Your goal
Could you restate the data below word for word, without its pictures?

Data section
★ ★ ★ ★ ★ ★ ★
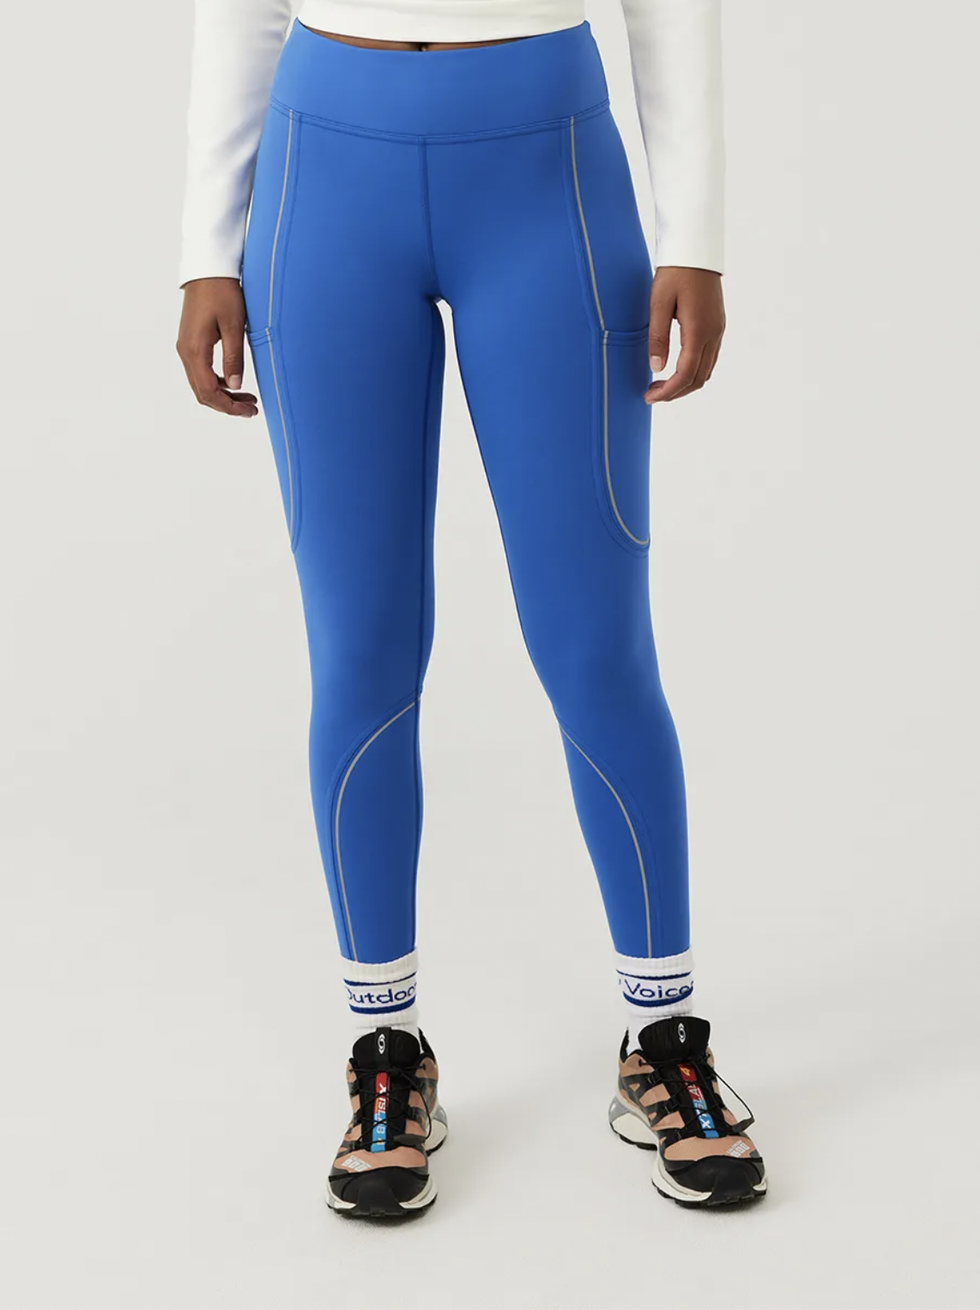 Which legging styles have decorative edges like the tight stuff leggings? :  r/lululemon
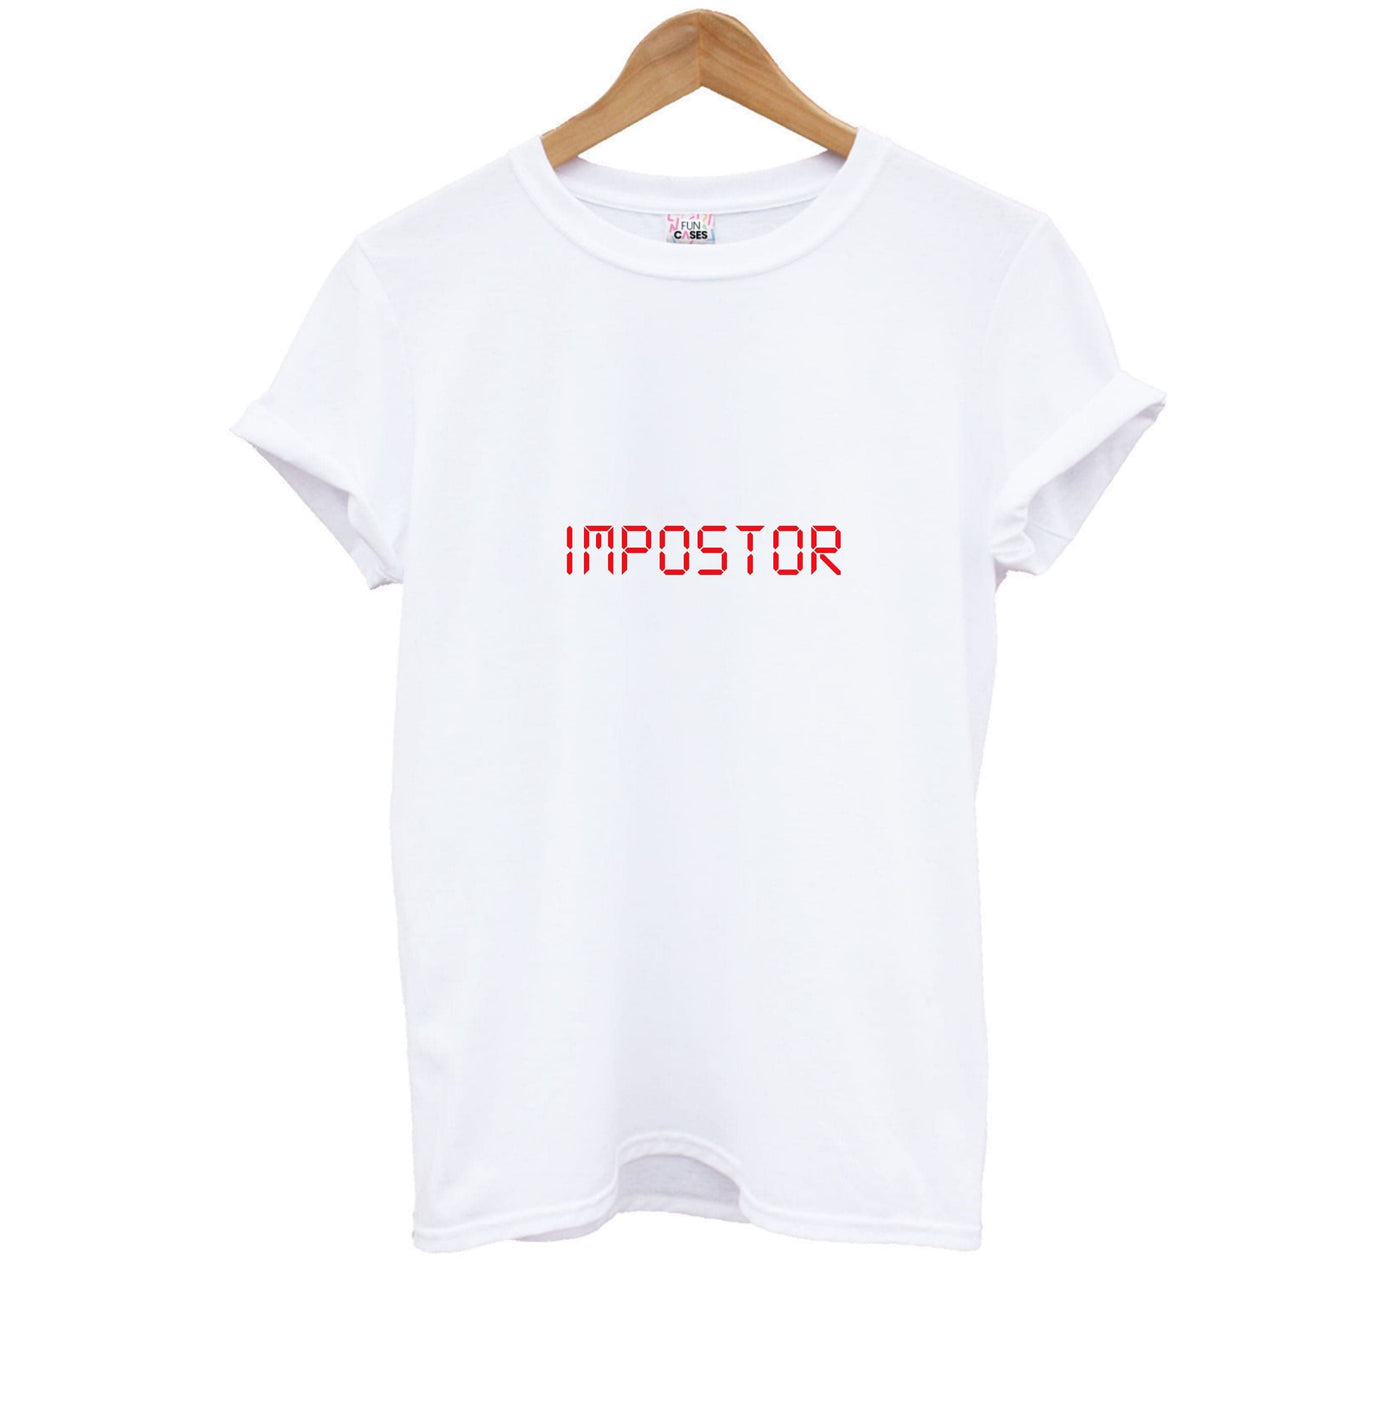 Imposter - Among Us Kids T-Shirt
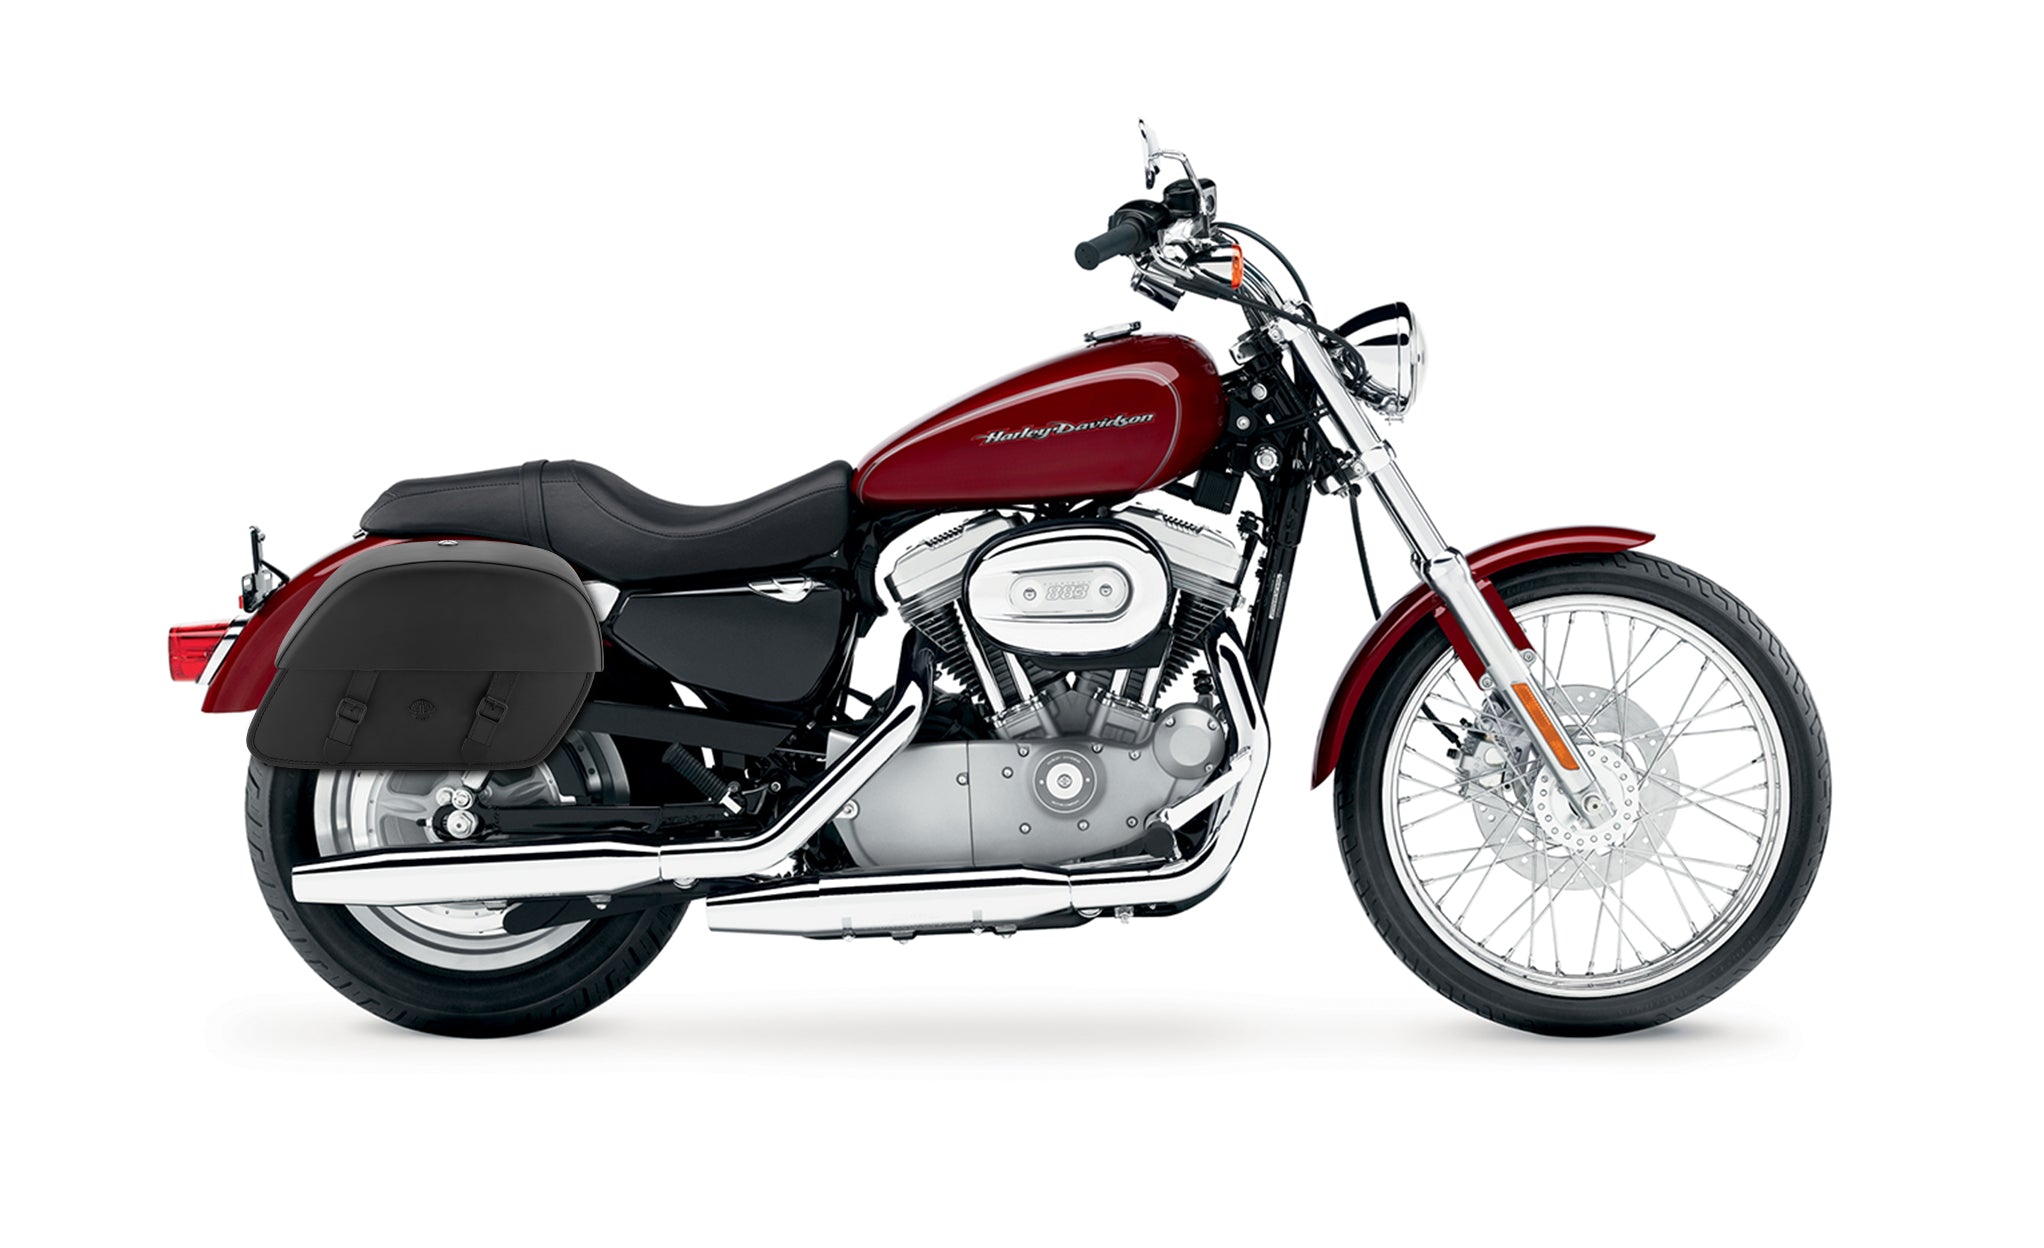 28L - Baelor Medium Quick Mount Motorcycle Saddlebags For Harley Sportster 883 Custom XL883C/XLH883C @expand
★ ★ ★ ★ ★ ★ ★
Final answer
 Which legging styles have decorative edges like the tight stuff leggings? :  r/lululemon
 Imposter - Among Us Kids T-Shirt
 28L - Baelor Medium Quick Mount Motorcycle Saddlebags For Harley Sportster 883 Custom XL883C/XLH883C @expand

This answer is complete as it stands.